AKP iktidarı BRICS’e üyelik hedefiyle küresel güney ve kuzey blokları arasında kızıştırma taktiği güderken Türkiye’nin maceraya daldığı yerlerde işler sarpa sarıyor. Suriye’de Türkiye’nin müttefik bildikleri birbirini yerken Libya’da durum iyice kontrolden çıkıyor.

Ülke geçen haftayı Mısır Devlet Başkanı Abdulfettah el Sisi’nin Ankara ziyaretiyle açılan yeni sayfayı allayıp pullamakla geçirdi. Fakat bu sırada Mısır’la yeni sayfanın bir numaralı gündem maddesi Libya, Ankara’nın da etki kapasitesini aşan hesaplaşmalara sahne oluyordu. Libya’da rekabet içinde olsalar da Türkiye ve Mısır öyle bir çıkmaza dayandı ki birbirini gözetmek durumunda.

Libya’daki aktörler, bu ülke üzerinde parmağı olan yabancı güçlerle ilişkilerinde tutarlı bir çizgi takip etmiyor.
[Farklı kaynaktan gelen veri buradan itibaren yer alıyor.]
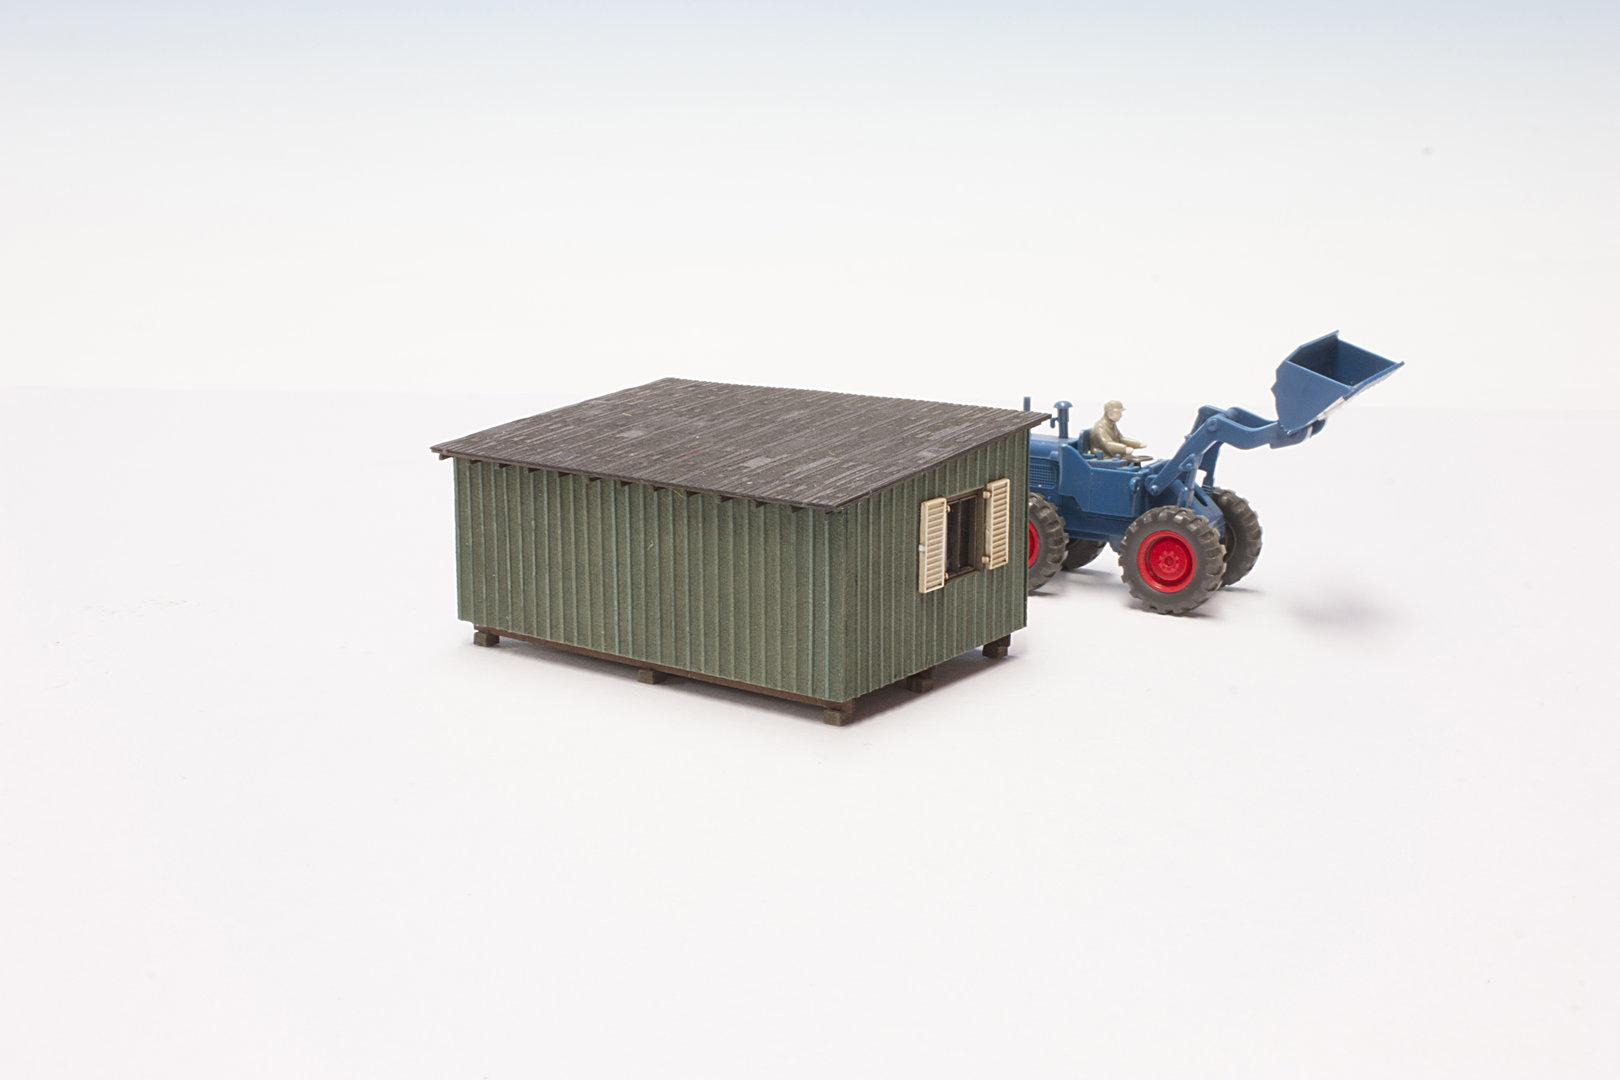 gartenhaus mit veranda h0 lasercut welten joswood gmbh. Black Bedroom Furniture Sets. Home Design Ideas

Değişkenlik arz eden vekalet ilişkileri ezberlere sığmıyor.

Saflar sürekli değişirken hariçten hiçbir gücün tek başına denklem kuramayacağı karmaşa büyüyor.

***

Anlaşılsın diye biraz geriye saralım. 2019-2020’de Mısır, BAE ve Rusya destekli Libya Ulusal Ordusu Komutanı Halife Hafter’in Trablus’u ele geçirme hamlesi Türkiye’nin müdahalesiyle bertaraf edilmişti. Buna mukabil Trablus güçlerinin doğuyu ele geçirme hamlesi de Sirte-Cufra hattında durdurulmuştu. Türkiye’nin desteği daha ilerisi için kâfi gelmemişti.

Şubat 2021’de BM’nin uhdesinde Başkanlık Konseyi ve Ulusal Birlik Hükümeti (UBH) kurup ülkeyi seçime götürme ve kurumları birleştirme hedefiyle bir yol haritası kabul edilmişti. Yenişememe haline ilaveten bu yol haritası rakip tarafları pozisyon değişikliğine itti. Basitçe Mısır Trablus’la, Türkiye de Bingazi ile köprüleri kurdu. UBH başkanlığına seçilen Abdulhamid Dibeybe’nin görevi 24 Aralık 2021’e kadar ülkeyi seçimlere götürmekti. Dibeybe yükümlülüğünü yerine getirmediği gibi görev süresi bittiği halde koltuğu bırakmadı. Türkiye’den gördüğü desteği iktidarını perçinlemek için kullandı. Ankara’yı temin için yeni anlaşmalar yaptı. İçerdeki tartışmalara ve itirazlara aldırmadı.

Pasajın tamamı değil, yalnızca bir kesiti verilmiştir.